On Saturday, March 5, 2022 at 7:30:18 PM UTC+1 f.apo...@gmail.com wrote:

> Hi Adrian,
>
> On Saturday, March 5, 2022 at 5:13:14 PM UTC+1 ator...@redhat.com wrote:
>
>> - Existing RemoteUserBackend implementations won't need to change 
>> signatures whenever backwards compatibility is removed
>> - RemoteUserBackend implementations won't need to do anything in order to 
>> support Django versions in which the feature doesn't exist (e.g. 3.9) and 
>> versions in which the feature exists and is not backwards-compatible (e.g. 
>> 5.1)
>>
>
> While this is true, the "migration" path for implementors is simply to 
> change the function to something like:
>
> ```
> def configure_user(self, request, user, created=False):
>     if not created: return
>    … do whatever you already did 
> ```
>
> and it will stay compatible with current behavior and the new behavior.
>  
>
>> - The code footprint within Django, not counting documentation and tests, 
>> is like 3 LOC
>>
>
> I do understand that, but I don't think it is as simple as that. With the 
> separated methods (unless we pass created to synchronize_user as well) 

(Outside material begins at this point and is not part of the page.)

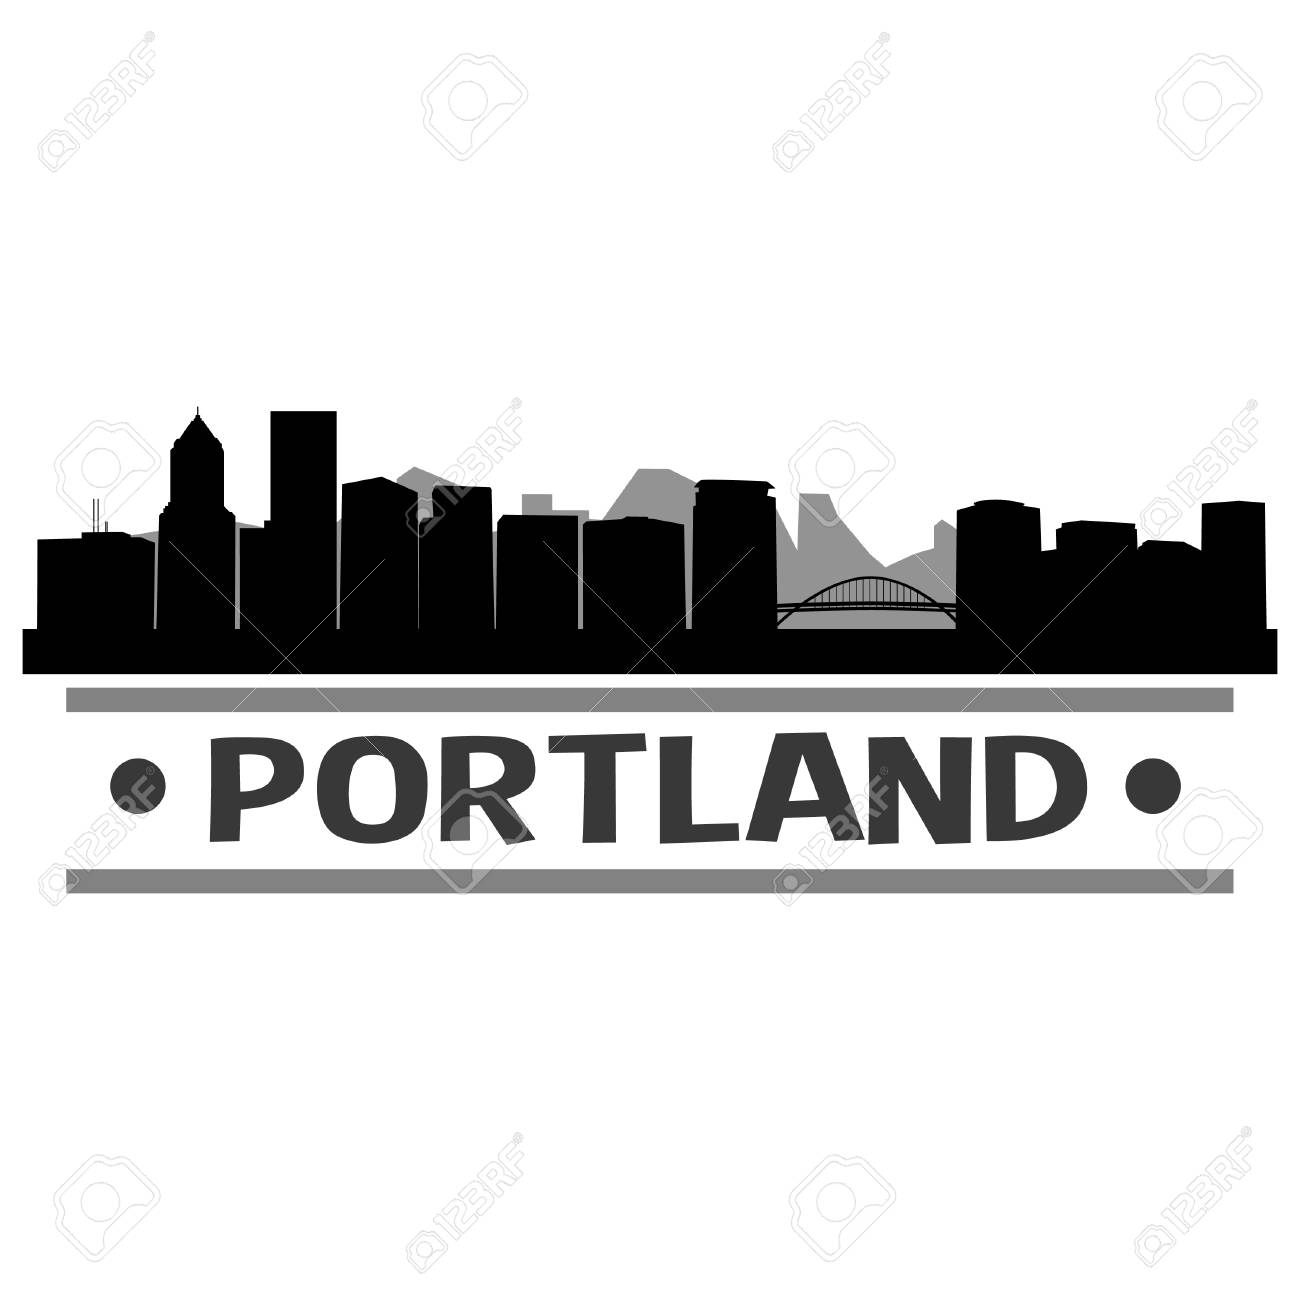 Portland Skyline Logo Wiring Diagrams 20152016 Nissan Nv Curt T Connector Harness 56279 Oregon United States Of America Usa Icon Vector Art Rh 123rf Com Atlanta Maine

> you'd do synchronization always even when the user was just created even 
> though configure_user could take care of that in one go.
>
> - Anyone who wants to extend a RemoteUserBackend implementation can easily 
>> and cleanly extend/replace the synchronization and initial setup 
>> independently of each other, if everything is done in the same method this 
>> can get messy
>>
>
> I do not really think this will be the case since those methods are empty 
> by default… Those backends are so simple that at some point one can simply 
> write their own if subclassing might become to much of a hazzle.
>  
>
>> def configure_user(self, request, user, created):
>>     if created:
>>         user = self.initial_configuration(request, user)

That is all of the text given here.